The Aptos Foundation has proposed a major overhaul of its tokenomics, shifting from an inflationary bootstrapping model to a performance-driven framework. APT traded near $0.88, down 4.5% on the day, continuing a broader downtrend from late-2025 highs. The plan introduces a hard supply cap of 2.1 billion tokens and will nearly halve annual staking rewards.
Aptos has announced a sweeping overhaul of its tokenomics, pivoting away from inflation-heavy incentives. The network is now transitioning toward supporting institutional-grade, high-throughput applications.
APT recently traded near $0.88, marking a 4.5% daily decline. This price action continues a broader downtrend where the token has lost more than half its value from late-2025 highs.
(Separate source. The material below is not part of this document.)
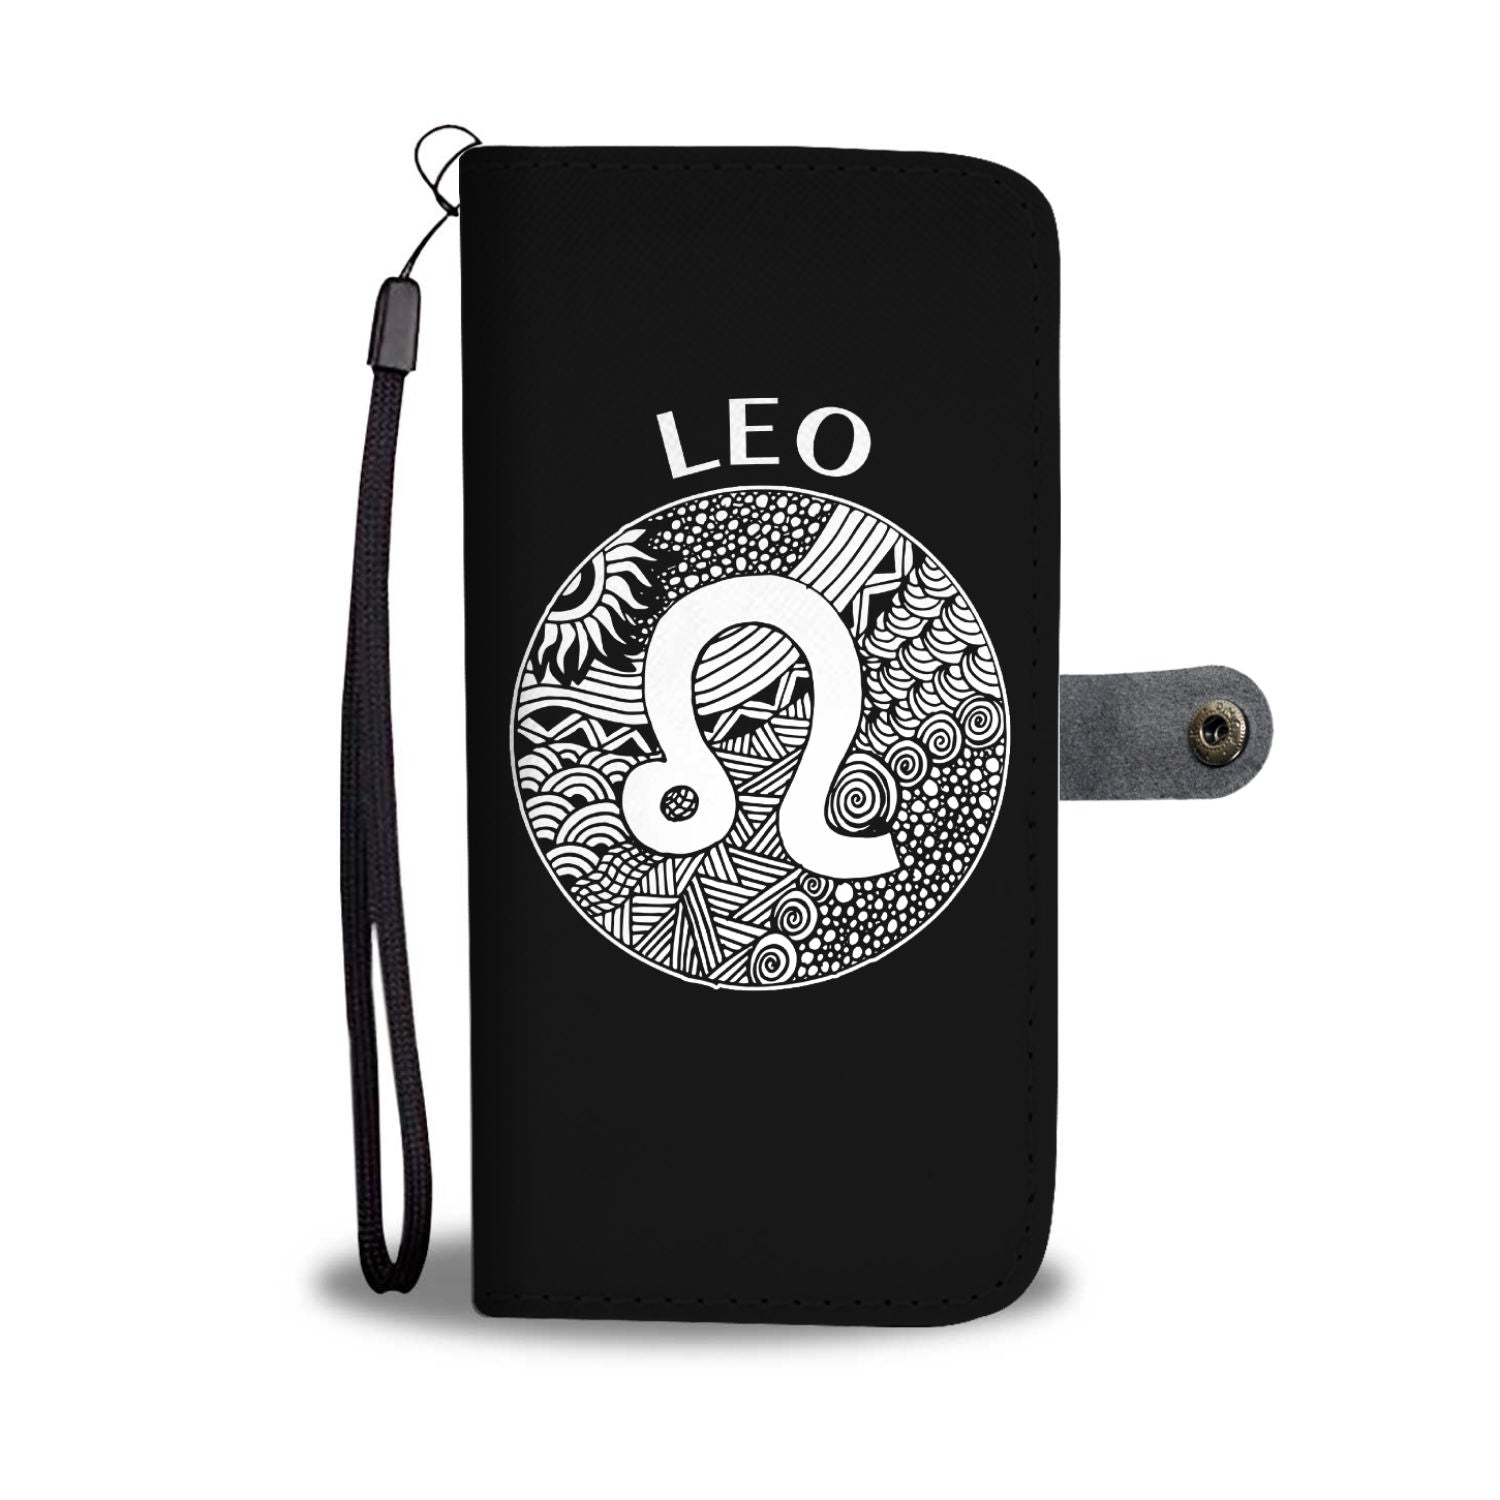 Leo Circle Design Phone Wallet
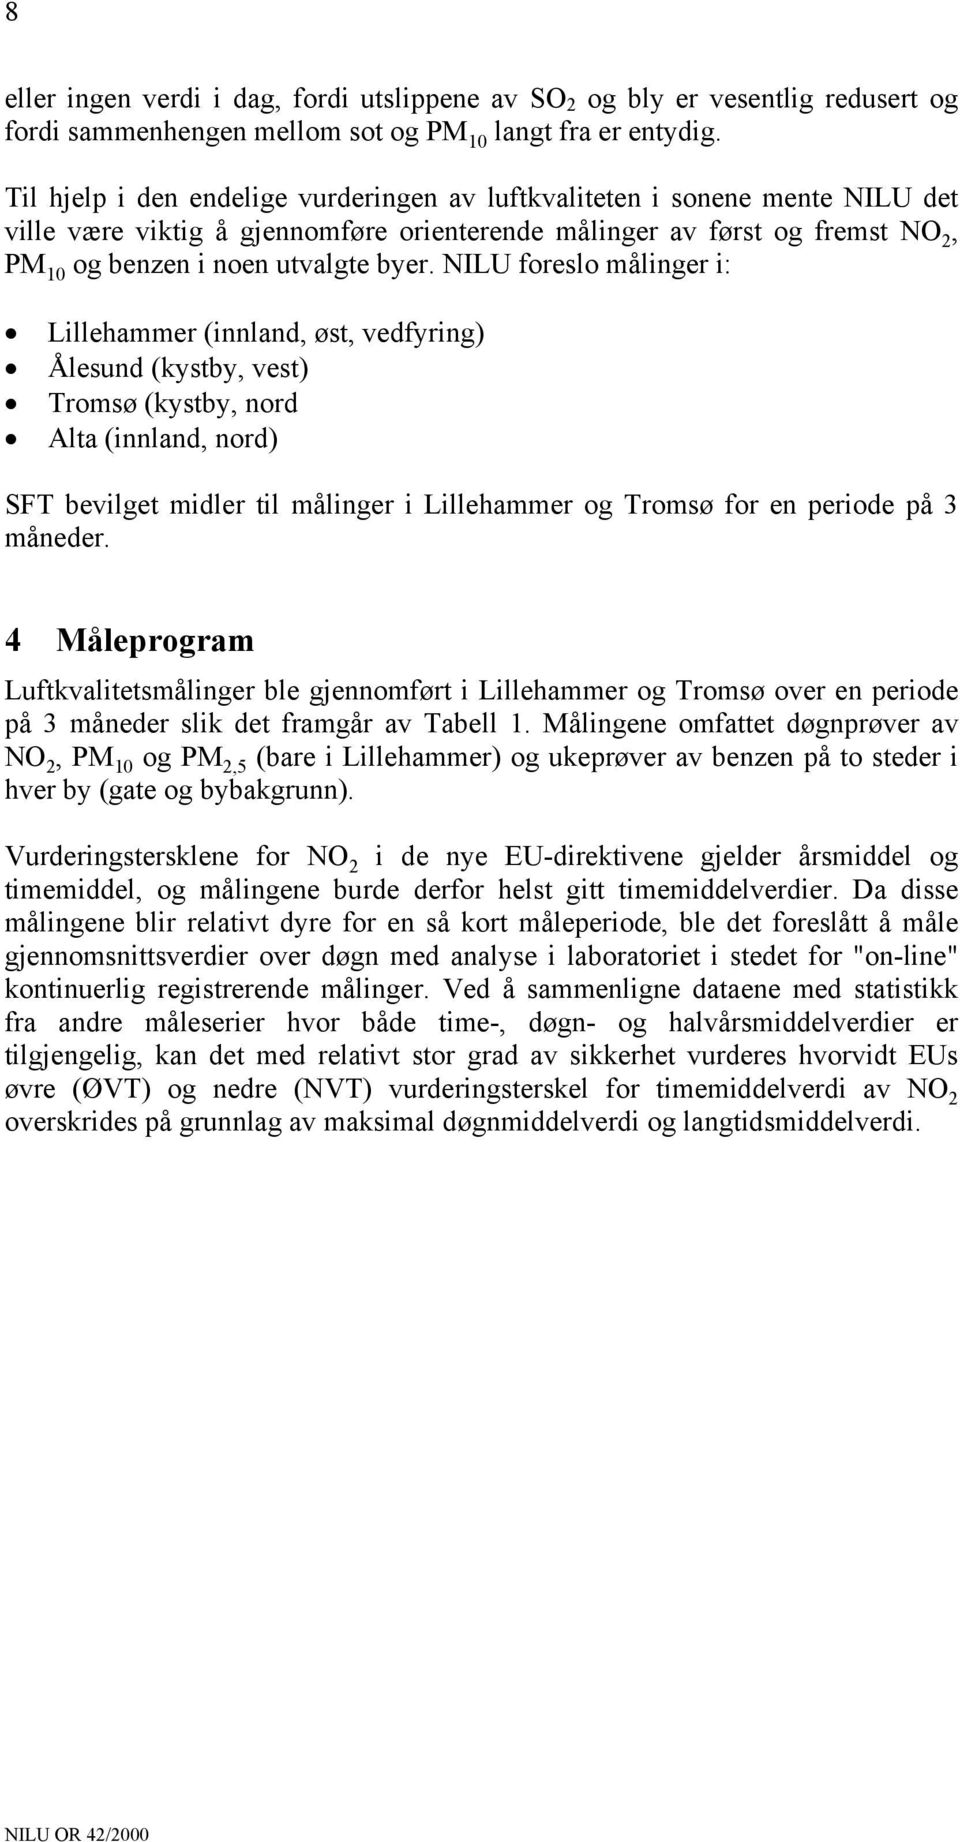 NILU foreslo målinger i: Lillehammer (innland, øst, vedfyring) Ålesund (kystby, vest) Tromsø (kystby, nord Alta (innland, nord) SFT bevilget midler til målinger i Lillehammer og Tromsø for en periode

The foundation stated that its initial subsidy-heavy emissions phase, designed to bootstrap infrastructure, is now ending. According to the foundation, the proposed reforms aim to formalize this transition.
With 1.196 billion APT currently circulating, a major supply inflection point arrives in October 2026. Annual unlocks will be cut by roughly 60% as early investor vesting concludes.
Central to the proposal is a plan to reduce annual staking rewards from 5.19% to 2.6%. The foundation says it will also explore a redesigned staking framework to reward longer commitments.
For the first time, Aptos plans to set a protocol-level hard cap of 2.1 billion APT. This leaves 904 million tokens, about 43% of the total cap, available for future staking rewards.
In parallel, the foundation will permanently lock and stake 210 million APT, roughly 18% of today’s circulating supply. These tokens will never be sold, effectively removing them from liquid circulation.
Despite the scale of the changes, APT’s price has continued to slide with weak momentum into mid-February. Trading data suggests the market is currently prioritizing broader risk conditions.
The foundation positions the update as a long-duration shift rather than an immediate price catalyst. The market has yet to price in the proposed long-term supply tightening.